In POM file I use the following dependency for Kafka and Spark:
<dependency>
<groupId>org.apache.spark</groupId>
<artifactId>spark-streaming_2.10</artifactId>
<version>1.6.2</version>
</dependency>
<dependency>
<groupId>org.apache.spark</groupId>
<artifactId>spark-streaming-kafka_2.10</artifactId>
<version>1.6.2</version>
</dependency>
So, I use Scala 2.10, not 2.11.
This is my Scala code (it works absolutely fine if I use my own Kafka installed in Amazon Cloud where I have EMR machines (there I have the port 9092 used for Kafka)):
val testTopicMap = testTopic.split(",").map((_, kafkaNumThreads.toInt)).toMap
val kafkaParams = Map[String, String](
"broker.list" -> "XXX.XX.XXX.XX:7072",
"zookeeper.connect" -> "XXX.XX.XXX.XX:2181",
"group.id" -> "test",
"zookeeper.connection.timeout.ms" -> "10000",
"auto.offset.reset" -> "smallest")
val testEvents: DStream[String] =
KafkaUtils
.createStream[String, String, StringDecoder, StringDecoder](
ssc,
kafkaParams,
testTopicMap,
StorageLevel.MEMORY_AND_DISK_SER_2
).map(_._2)
I was reading this Documentation but it looks like everything I did is correct. Should I use some other Kafka client API (other Maven dependency)?
UPDATE #1:
I also tried Direct Stream (without Zookeeper), but it runs me into the error:
val testTopicMap = testTopic.split(",").toSet
val kafkaParams = Map[String, String]("metadata.broker.list" -> "XXX.XX.XXX.XX:7072,XXX.XX.XXX.XX:7072,XXX.XX.XXX.XX:7072","bootstrap.servers" -> "XXX.XX.XXX.XX:7072,XXX.XX.XXX.XX:7072,XXX.XX.XXX.XX:7072",
"auto.offset.reset" -> "smallest")
val testEvents = KafkaUtils.createDirectStream[String, String, StringDecoder, StringDecoder](ssc, kafkaParams, testTopicMap).map(_._2)
testEvents.print()
17/01/02 12:23:15 ERROR ApplicationMaster: User class threw exception: org.apache.spark.SparkException: java.io.EOFException: Received -1 when reading from channel, socket has likely been closed.

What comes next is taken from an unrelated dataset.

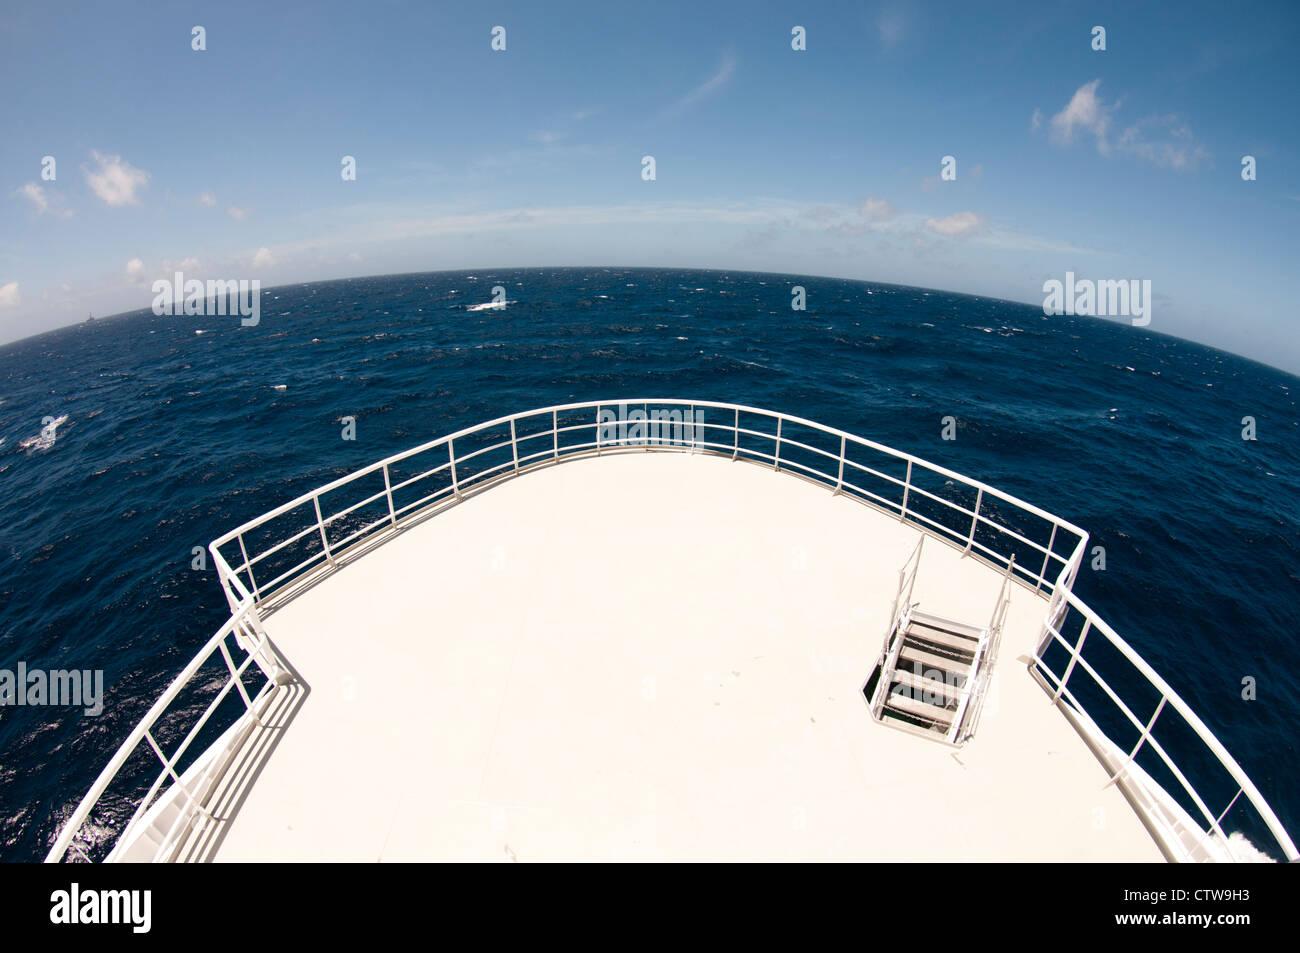 La position de l'arc navire horizon. Photo Stock

java.io.EOFException: Received -1 when reading from channel, socket has likely been closed.
java.io.EOFException: Received -1 when reading from channel, socket has likely been closed.
UPDATE #2:
I found this related topic. The suggested solution says Fixed it by setting the property 'advertised.host.name' as instructed by the comments in the kafka configuration (config/server.properties). Do I understand correctly that config/server.properties should be changed on the remote machine where Kafka is installed?
Kafka : How to connect kafka-console-consumer to fetch remote broker topic content?
I think I ran into the same issue recently (EOFException) and the reason was a kafka version mismatch.
if i look here https://mvnrepository.com/artifact/org.apache.spark/spark-streaming-kafka_2.10/1.6.2 the compile time dependency of the kafka streaming version is 0.8 whereas you use 0.10.
as far as i know 0.9 is already not compatible with 0.8. can you try to setup a local 0.8 or 0.9 broker and try to connect?